The reflex to stop after one case usually comes from one of three places:
- "It checks out, so I'm done." No — one answer checking out tells you that one answer is valid. It tells you nothing about whether there is another.
- "The first case gave a clean number." A clean number from one case does not preclude a clean number from the other. They are independent.
- "The two cases are symmetric — solving one is enough." They are not symmetric in x. They are symmetric in the expression f(x). Two different values of x usually solve them.
The diagram says everything: two cases, two candidates, one verification gate, one final answer set. Snip any wire and the answer goes wrong.
What goes wrong when you stop early
There are three failure modes, and the first example below shows each one.
Example 1: Both cases give genuine solutions — skip case 2, lose half the answer
Solve |2x - 6| = 4.
Step 1. Unfold into two cases.
Why: |2x - 6| has size 4, so the expression 2x - 6 is either +4 or -4. Both are equally legitimate.
Step 2. Solve case 1. 2x - 6 = 4 \implies 2x = 10 \implies x = 5.
Step 3. Solve case 2. 2x - 6 = -4 \implies 2x = 2 \implies x = 1.
Step 4. Verify both candidates in the original equation.
- x = 5: |2(5) - 6| = |10 - 6| = |4| = 4. ✓
- x = 1: |2(1) - 6| = |2 - 6| = |-4| = 4. ✓
Result. x = 1 or x = 5.
The skip-case-2 reflex would have written x = 5 alone and ended with half marks. The marker would have circled the missing x = 1 in red. Two solutions, both genuine, both essential — and they came from two separate branches that you cannot collapse.
Example 2: One case is "always true" — skip case 1, miss every positive answer
Solve |x| = x.
Step 1. Unfold.
Step 2. Solve case 1. x = x is true for every real x. Not "no solution" — every solution.
Step 3. Solve case 2. x = -x \implies 2x = 0 \implies x = 0.
Why: case 1 collapsing to a tautology is not a degenerate failure — it is information. It says "every x in the world satisfies this case." But you still need the constraint from the original equation to filter it down.
Step 4. Verify in the original. The original is |x| = x. Plug in any candidate x_0 — the left side is |x_0|, the right is x_0. They agree exactly when x_0 \ge 0 (because that is when |x_0| = x_0).
So from case 1's "every x", only x \ge 0 survives. From case 2, x = 0 survives (and is already inside x \ge 0).
Result. x \ge 0.
The skip-case-1 student would have written x = 0 and called it done. They would have missed every positive number — an infinite set of valid solutions, gone. The cricketer in your class who wrote x \ge 0 scored full marks; the one who only solved case 2 got a single point.

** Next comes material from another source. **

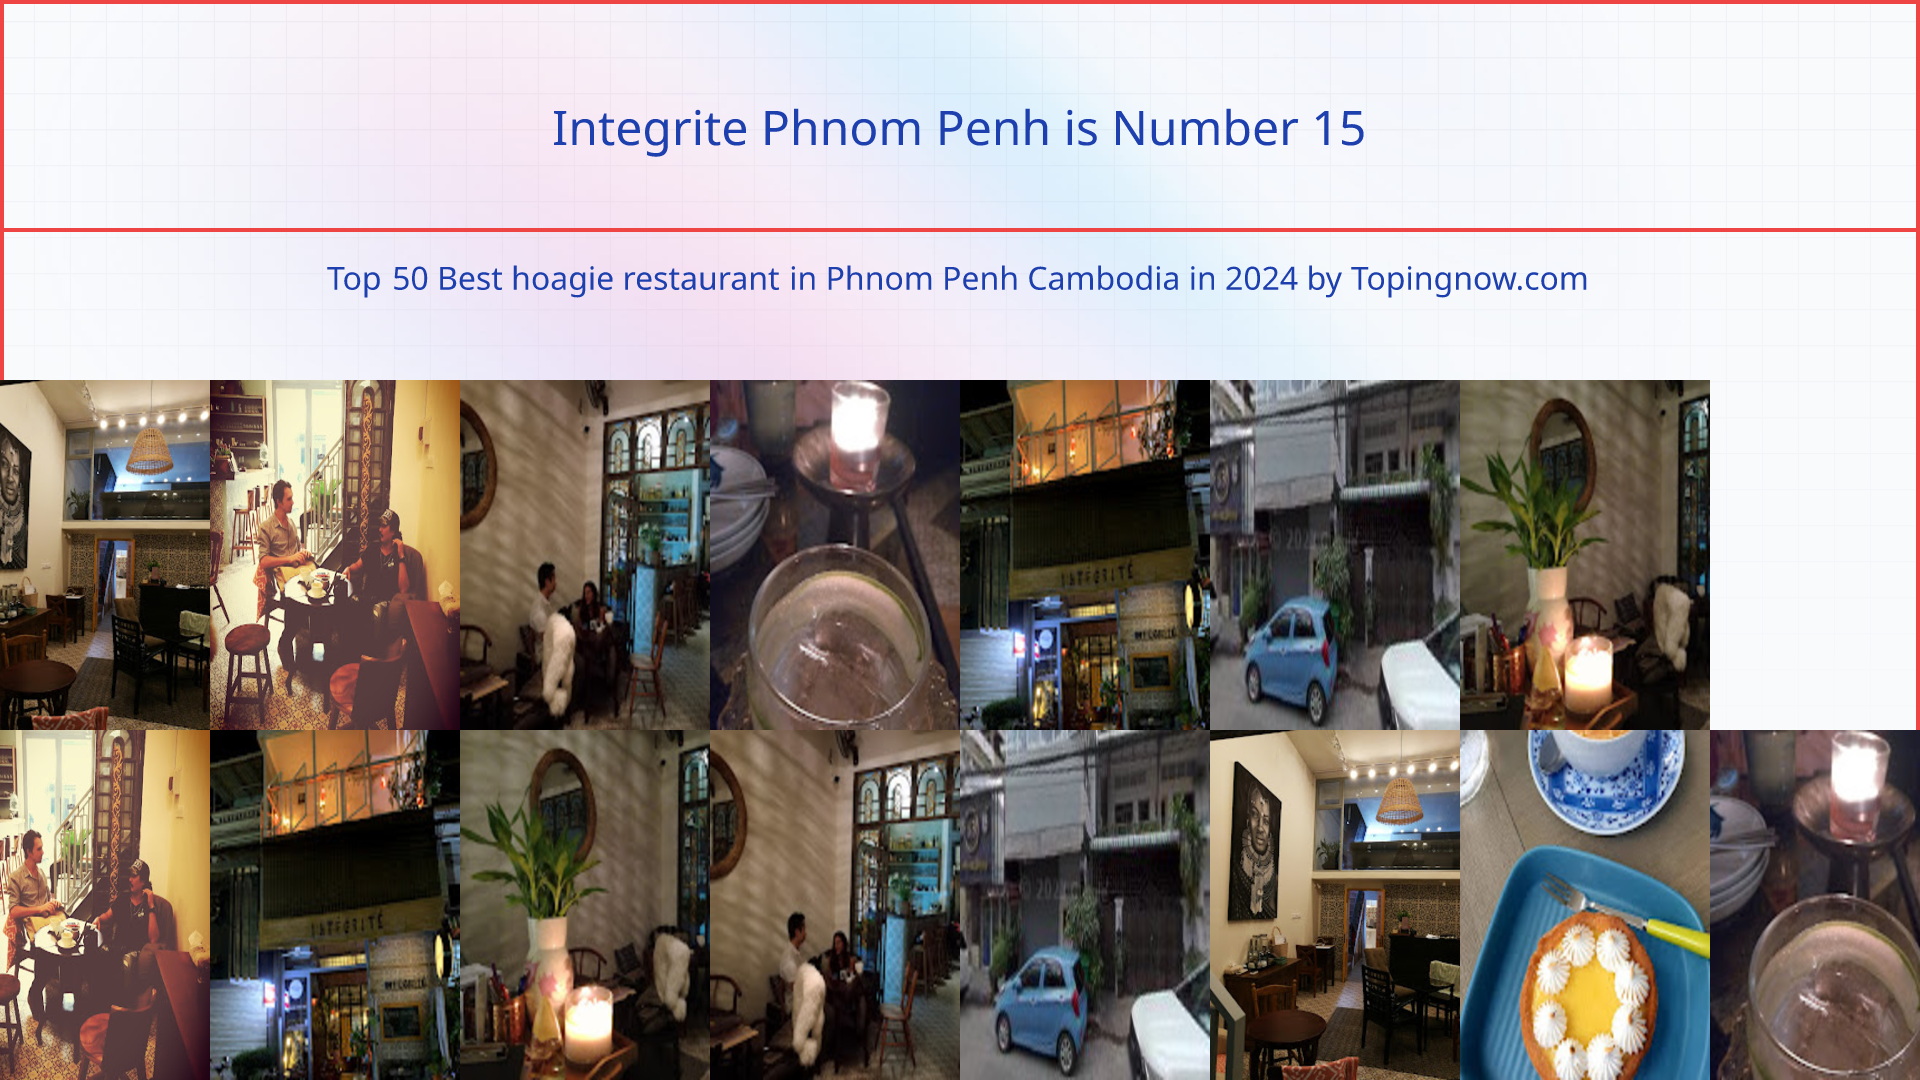 Integrite Phnom Penh: Top 50 Best hoagie restaurant in Phnom Penh Cambodia in 2024

Example 3: Skip the verification, ship an extraneous root
Solve |x - 1| = x - 5.
Step 1. Unfold.
Step 2. Solve case 1. x - 1 = x - 5 \implies -1 = -5. Contradiction. No candidate from this case.
Step 3. Solve case 2. x - 1 = -(x - 5) \implies x - 1 = -x + 5 \implies 2x = 6 \implies x = 3.
Why: case 1 collapsed because the two sides are parallel lines that never meet. Case 2 produced one candidate. So far you have exactly one candidate to test — but "one candidate" does not yet mean "one solution".
Step 4. Verify x = 3 in the original equation.
- Left: |3 - 1| = |2| = 2.
- Right: 3 - 5 = -2.
- Compare: 2 \ne -2. ✗ extraneous.
Result. No solution.
The skip-the-check student would have circled x = 3 — and the marker would have stripped the points. The right side x - 5 is negative at x = 3, but the left side, an absolute value, is \ge 0 everywhere. They could never have agreed. The original equation has no real solutions at all, even though the algebra of case 2 looked completely fine.
The three examples cover the entire failure surface:
- Skip case 2 → lose a real answer.
- Skip case 1 → lose every answer in a "always true" case.
- Skip verification → ship an extraneous root.
Any one of these costs marks. The fix is one workflow that prevents all three.
The habit, in three rules
Three rules, glued together, form the entire safe-solving routine.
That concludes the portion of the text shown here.